Хан махнул рукой, музыканты задудели что есть мочи, толпа закричала.
Через площадь они шли рядом, Мусалав чувствовал, как холодный ветер обдувает лицо, сердце в груди билось мощными толчками, и он почему-то вдруг пожелал отдать жизнь за этого огромного гидатлинца с длинными, как у обезьяны, руками и даже хотел сказать что-то в этом роде, потом испугался, что Хочбар говорил о нем не всерьез, и тоже захотел спросить, но не стал и лишь заставил себя придать суровое выражение лицу Ни о свадебном фаэтоне, ни о Саадат он не думал.
Хочбар по дороге что-то пробормотал, что Мусалав не слышал, только заметил, что Хочбар сам себе кивнул головой. Уже подойдя к хану, они увидели, что тот глядит в землю, что он строг и соглашается с почтенными старцами, которые, перебивая друг друга, горячо говорили о том, что полковник совершил ошибку и, не зная обычая гор, обидел гостя, а также, превратно все доложив хану, поставил всех в неловкое положение.

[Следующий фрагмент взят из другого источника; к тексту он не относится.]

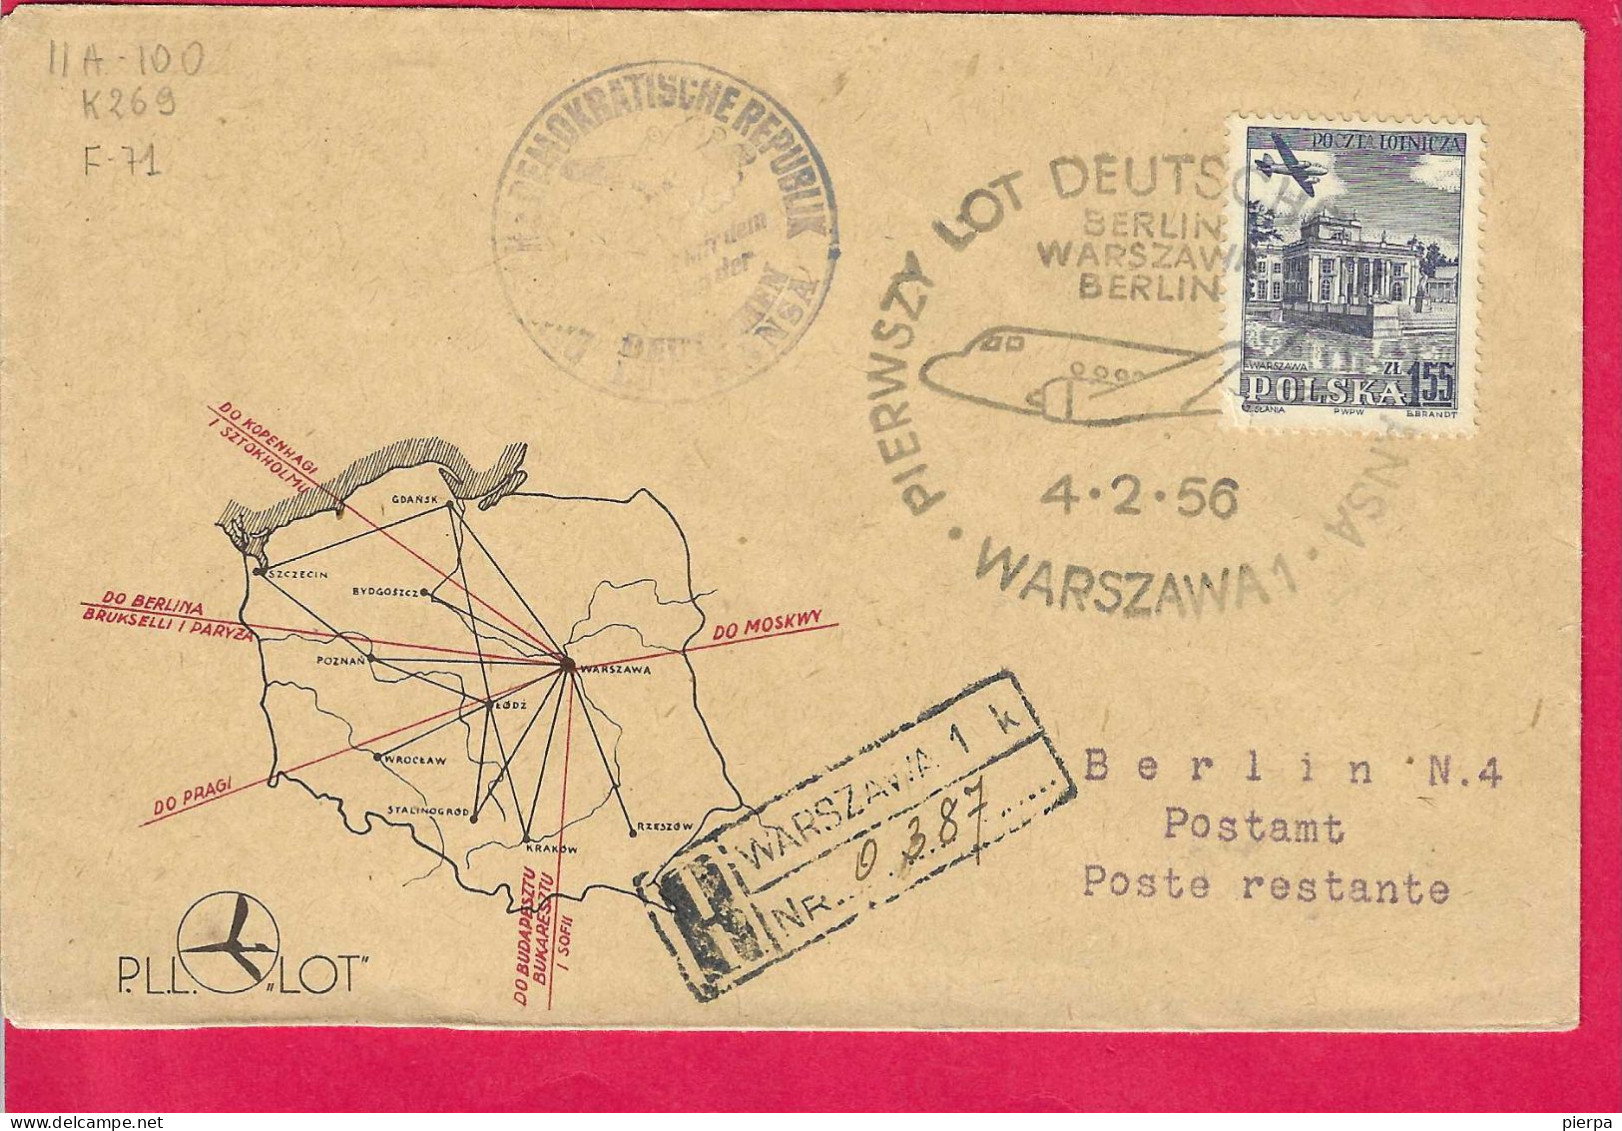 POLAND - LOT FLIGHT BERLIN/WARSZAWA/BERLIN *4.2.56* ON OFFICIAL COVER - Posta Aerea

Полковник плюнул, повернулся и пошел к площади, кожаная желтая отполированная седлом заплата на его штанах поблескивала на солнце.
К вечеру праздничные ленты на столбе обвисли и еле шевелились… аул успокоился, площадь была пуста. Буза и грузинское душистое вино сделали свое дело, половина музыкантов спали на своих местах, лишь трое, ужасаясь сами себе, пытались играть. С очень близкого расстояния лицо у полковника было совсем рыжим и добродушным, пахло от него молоком.
– Даже если твою родину вот-вот зальет море, – мысли у Хочбара были крупными, казалось, их можно подержать на ладони, он поднял ладонь и посмотрел на нее, – ее нельзя было покидать. Я понимаю тебя, где найдешь такие горы, но все же?!
– Мою родину не зальет, – наконец выдавил из себя полковник и потряс перед носом Хочбара рыжим пальцем.
– Зальет, – успокоил его Хочбар, – если она ниже моря, не может быть иначе… Я бы проводил тебя, но, поверь, у меня такое важное дело здесь…
Мусалав, потный, разгоряченный, счастливый, что-то говорил, говорил в углу сотникам. Хочбар вышел во двор, в светлом еще небе появились звезды, лохматая могучая собака, мученически закинув голову, подвывала музыкантам, на крыльце плакал пьяный полковник. Хочбару было жалко его.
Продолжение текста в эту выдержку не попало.